29292 Conniewalker

Discovery
- Discovered by: C. Shoemaker D. H. Levy
- Discovery site: Palomar Obs.
- Discovery date: 24 May 1993

Designations
- Named after: Connie Walker (astronomer)
- Alternative designations: 1993 KZ_{1}
- Minor planet category: main-belt · Phocaea

Orbital characteristics
- Epoch 4 September 2017 (JD 2458000.5)
- Uncertainty parameter 0
- Observation arc: 33.43 yr (12,212 days)
- Aphelion: 2.8157 AU
- Perihelion: 1.8802 AU
- Semi-major axis: 2.3480 AU
- Eccentricity: 0.1992
- Orbital period (sidereal): 3.60 yr (1,314 days)
- Mean anomaly: 259.91°
- Mean motion: 0° 16^{m} 26.04^{s} / day
- Inclination: 25.552°
- Longitude of ascending node: 89.840°
- Argument of perihelion: 170.01°

Physical characteristics
- Dimensions: 4.57 km (taken) 4.571 km 4.581±0.217 km
- Synodic rotation period: 30.5 h 30.6±0.05 h
- Geometric albedo: 0.3097 0.367±0.049 0.3674±0.0485
- Spectral type: S
- Absolute magnitude (H): 13.10 · 13.4 · 13.5 · 13.59 · 14.03

= 29292 Conniewalker =

Main-belt asteroid

29292 Conniewalker (provisional designation ') is a bright, stony Phocaea asteroid and slow tumbler from the inner regions of the asteroid belt, approximately 4.6 kilometers in diameter. It was discovered on 24 May 1993, by American astronomer Carolyn Shoemaker and Canadian astronomer David Levy at the Palomar Observatory in California, United States.

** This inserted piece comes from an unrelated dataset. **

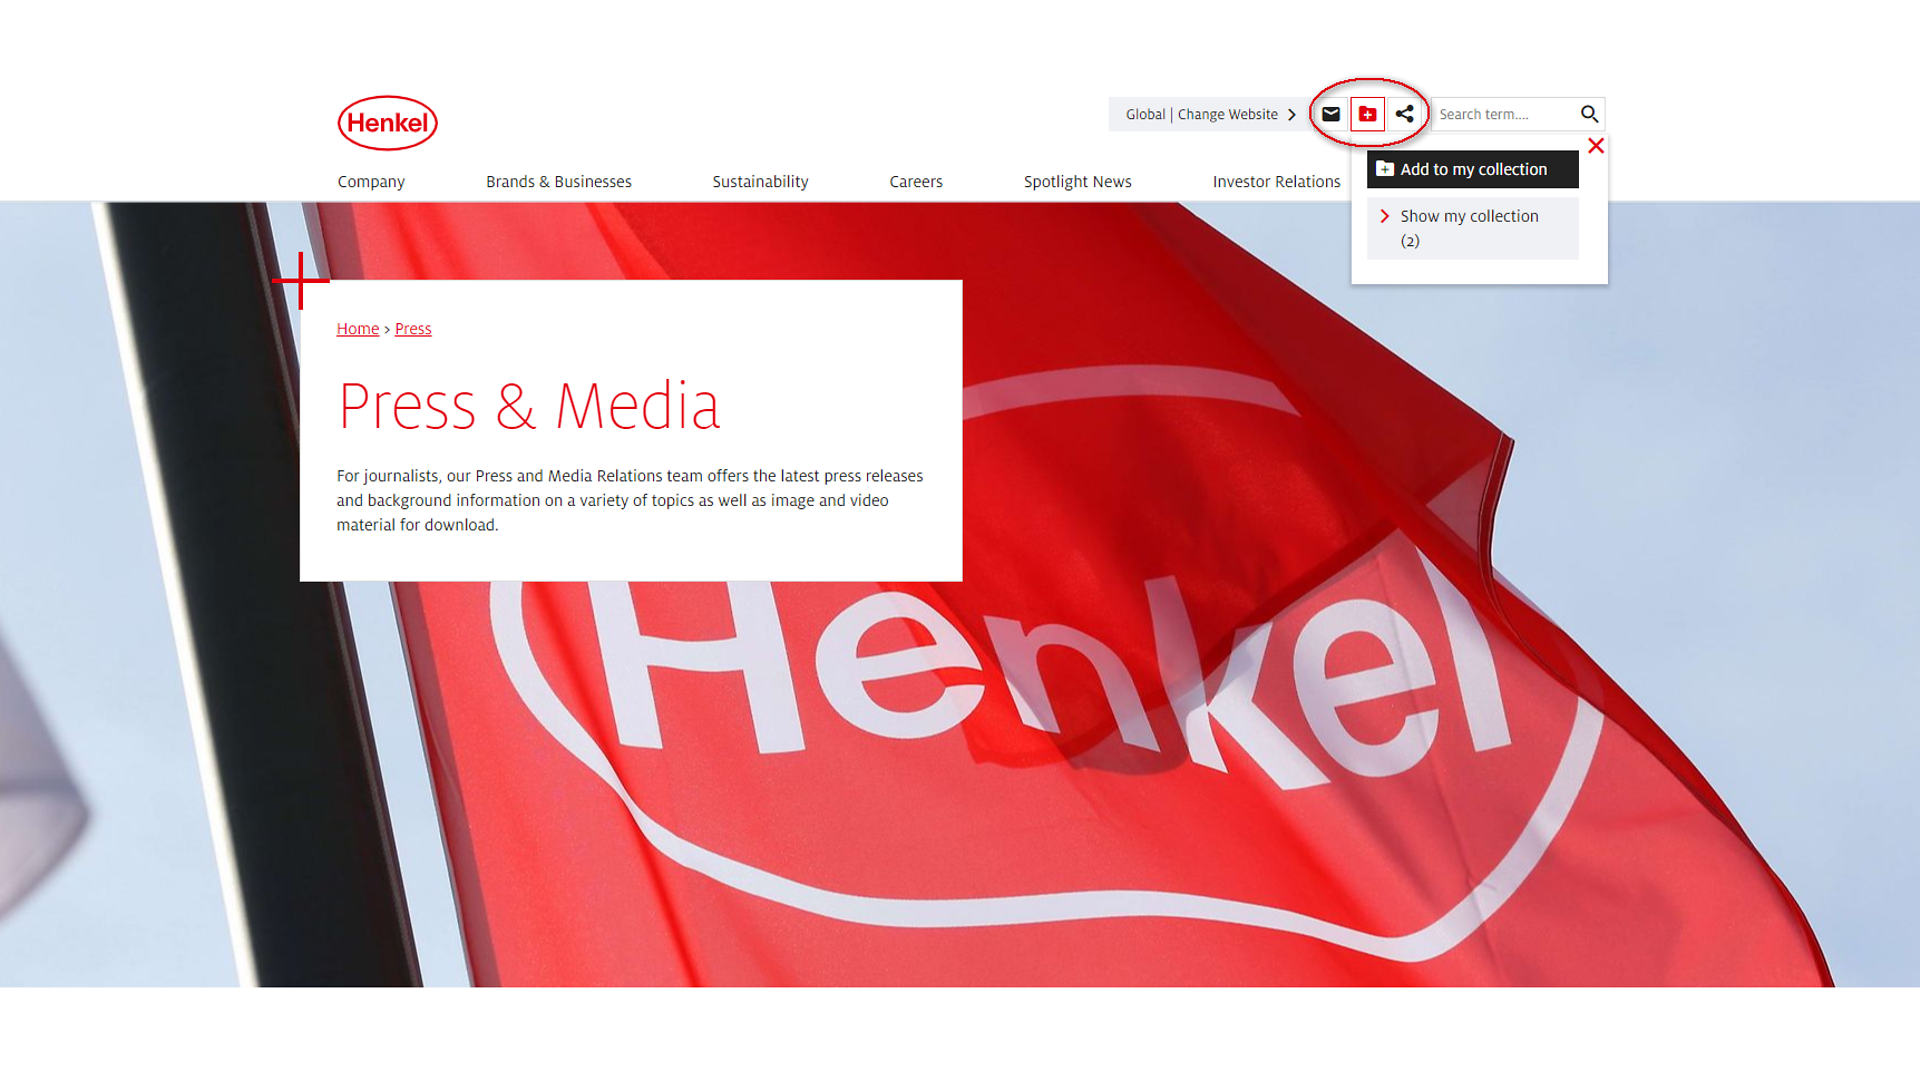 
Переглядаючи веб-сайт Henkel, скористайтеся значком

== Orbit and classification ==
Conniewalker is a member of the Phocaea family of stony asteroids (701). It orbits the Sun in the inner main-belt at a distance of 1.9–2.8 AU once every 3 years and 7 months (1,314 days). Its orbit has an eccentricity of 0.20 and an inclination of 26° with respect to the ecliptic. A first precovery was obtained at the Siding Spring Observatory in 1983, extending the body's observation arc by 10 years prior to its official discovery observation.

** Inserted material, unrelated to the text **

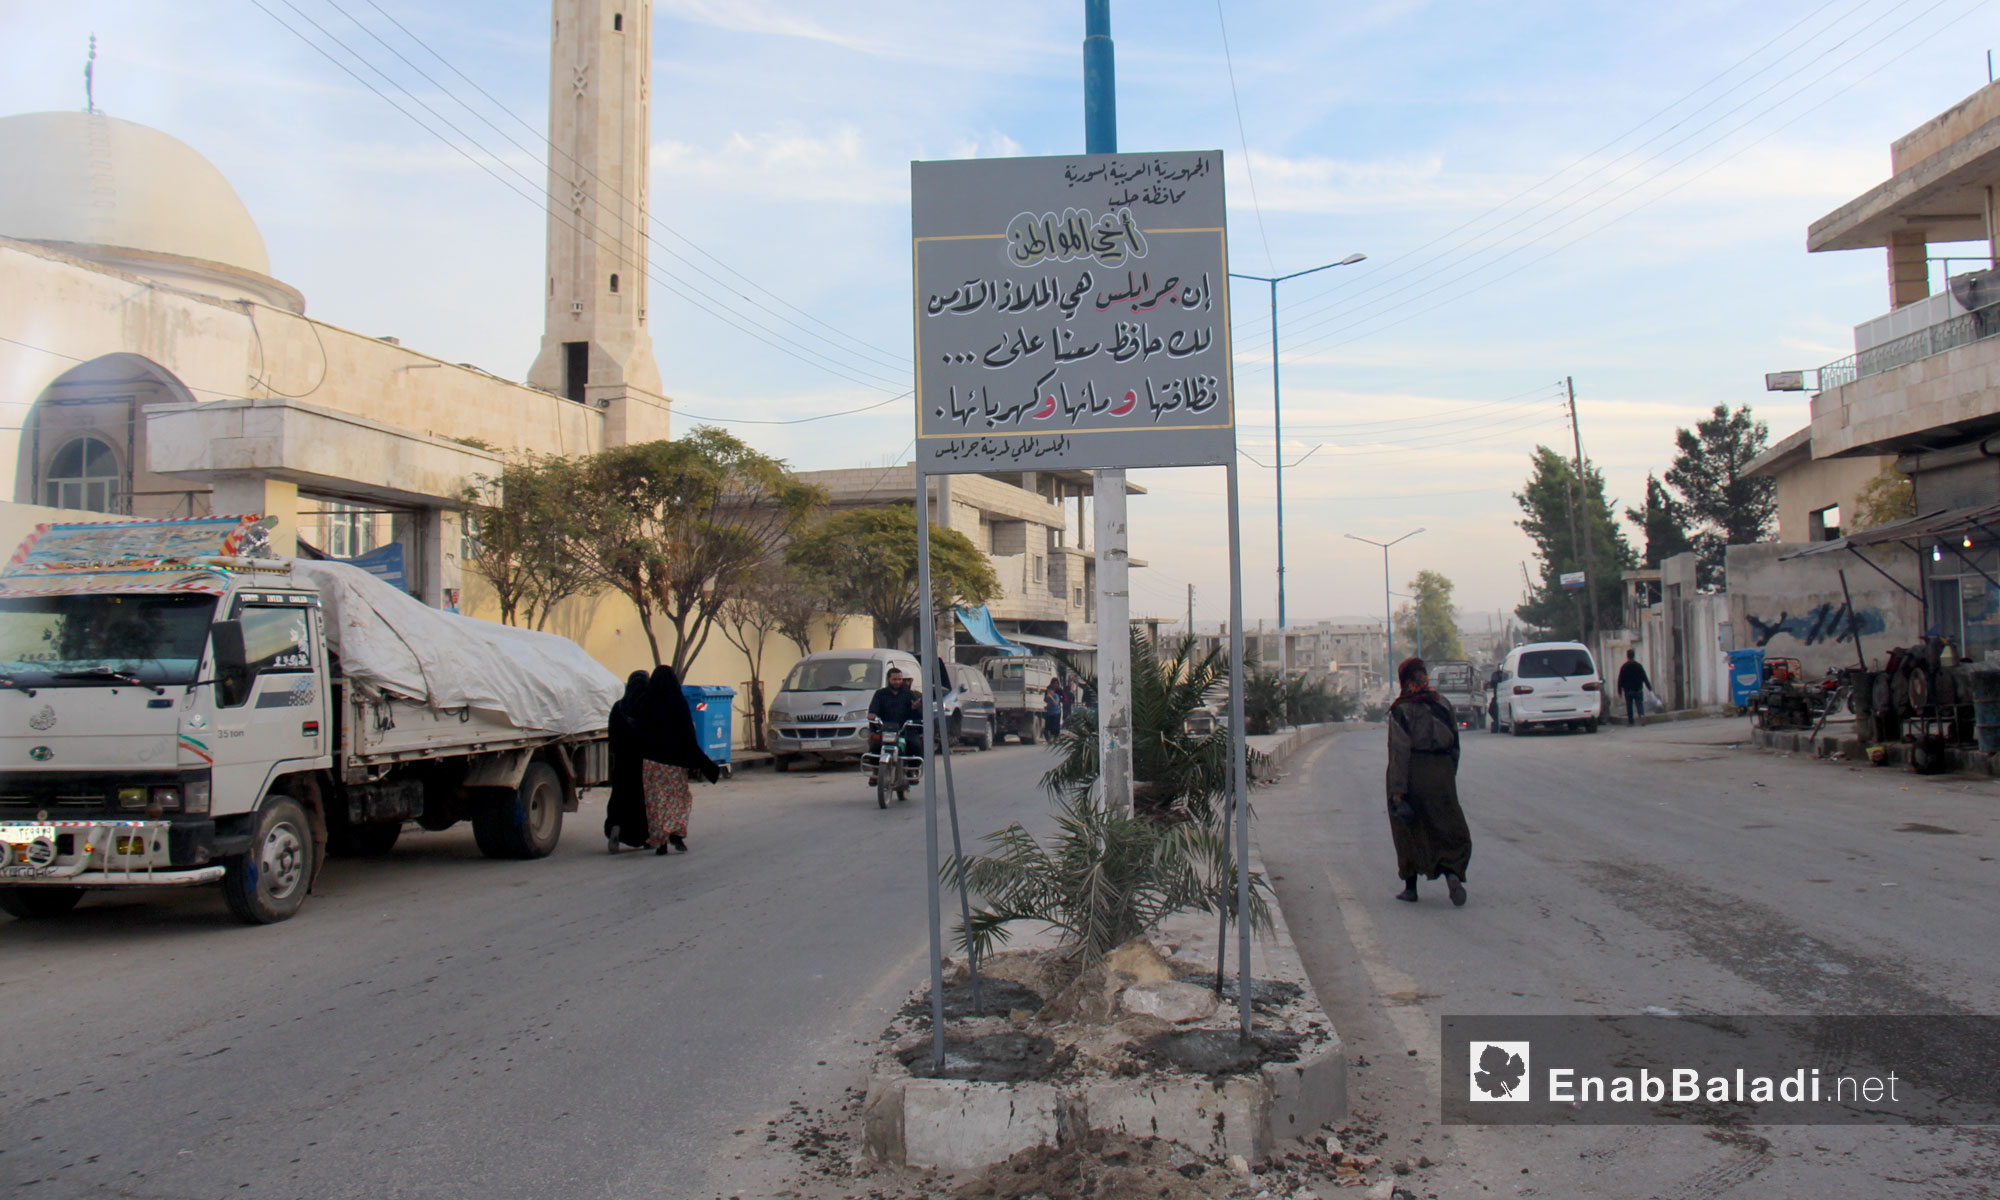 لافتة تدعو للحفاظ على أمن جرابلس شمال حلب وخدماتها - تشرين الثاني 2016 (عنب بلدي)

== Physical characteristics ==

=== Rotation period ===
In 2011, rotational lightcurves of Conniewalker were obtained at the Via Capote Observatory in California and at the Ondřejov Observatory in the Czech Republic. Lightcurve analysis gave a rotation period of 30.5 and 30.6 hours, with a brightness amplitude of 0.63 and 0.62 magnitude, respectively (U=2/3-).

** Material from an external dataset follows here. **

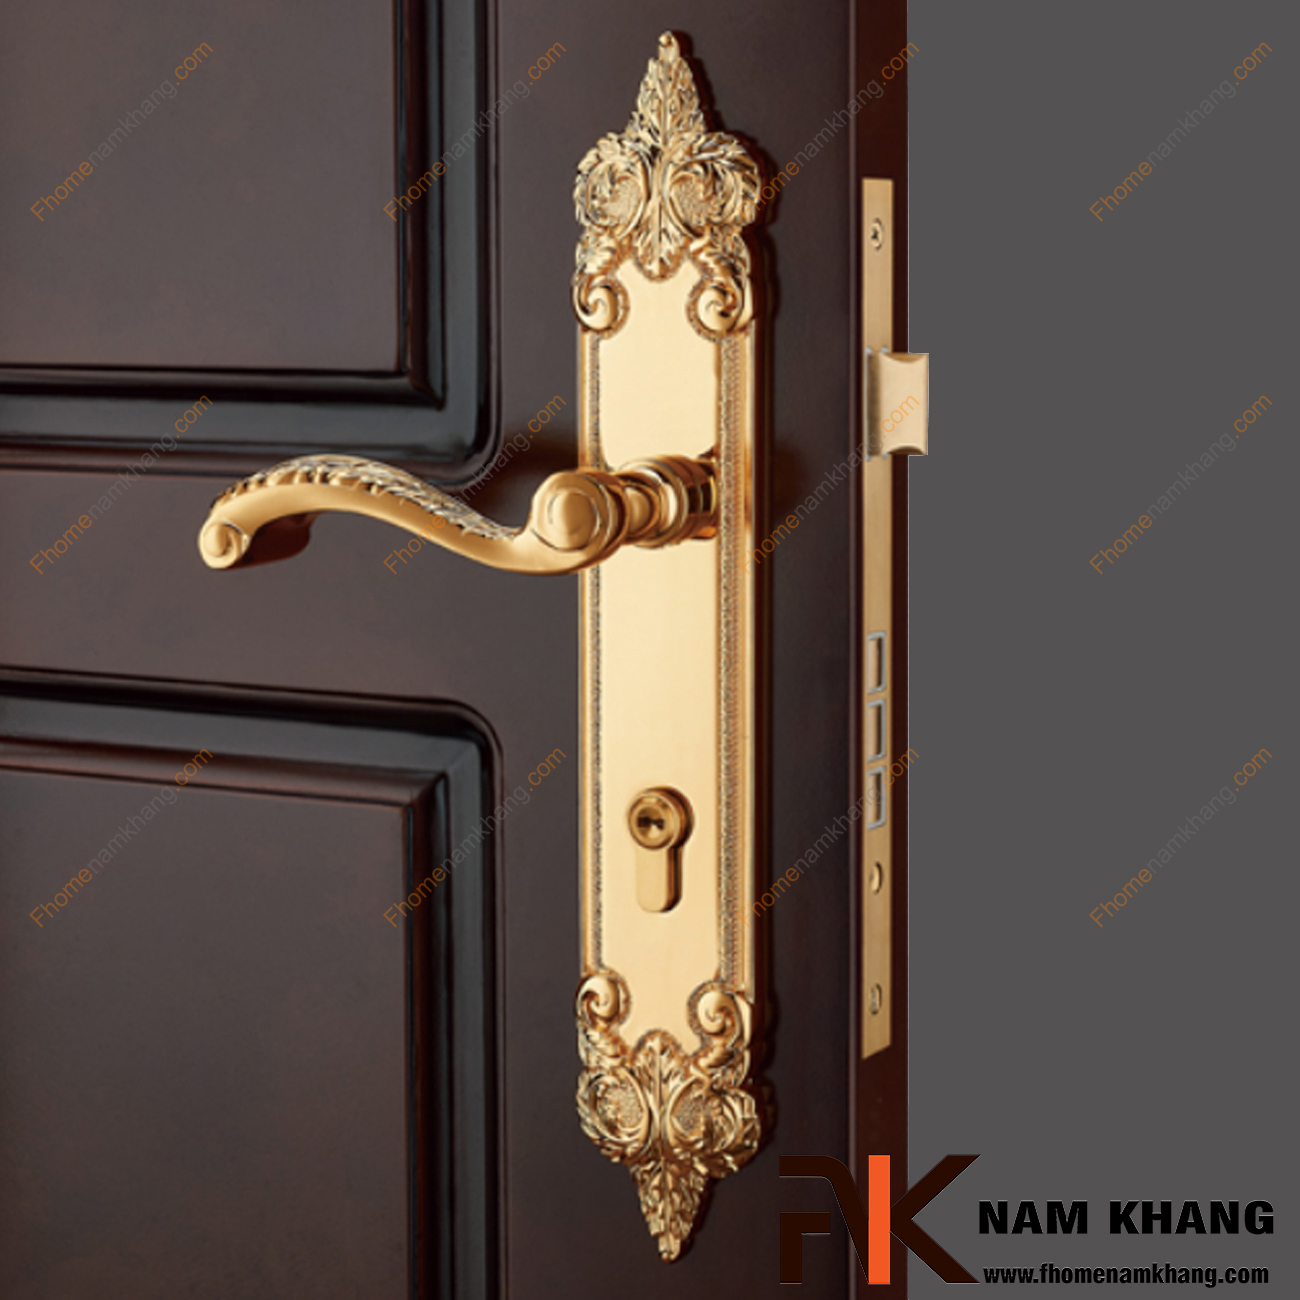 Khóa cửa chính bằng đồng cao cấp mạ vàng NK314L-24K, sản phẩm khóa cửa cao cấp thường sử dụng trên các dạng cửa gỗ và nhiều dạng cửa với các chất liệu khác.

Conniewalker is a tumbler. The non-principal axis rotation (NPAR) has been observed during 22 sessions over a 46-day period. The slow tumbler had previously been a target in ASU's Photometric Survey for Asynchronous Binary Asteroids.

=== Diameter and albedo ===
According to the survey carried out by the NEOWISE mission of NASA's Wide-field Infrared Survey Explorer, Conniewalker measures 4.581 kilometers in diameter and has a bright surface albedo of 0.367. The Collaborative Asteroid Lightcurve Link adopts the revised WISE-data by Petr Pravec, that is, an albedo of 0.3097 and a diameter of 4.571 kilometers with an absolute magnitude of 13.10.

== Naming ==
This minor planet was named in honor of American astronomer Connie Walker (born 1957), who has examined the formation of stars in galaxies in varying stages of development. She is well known for the educational Project Astro-Tucson and her successful work in astronomy with children and young adults in Arizona. The official naming citation was published by the Minor Planet Center on 7 January 2004 (M.P.C. 50464).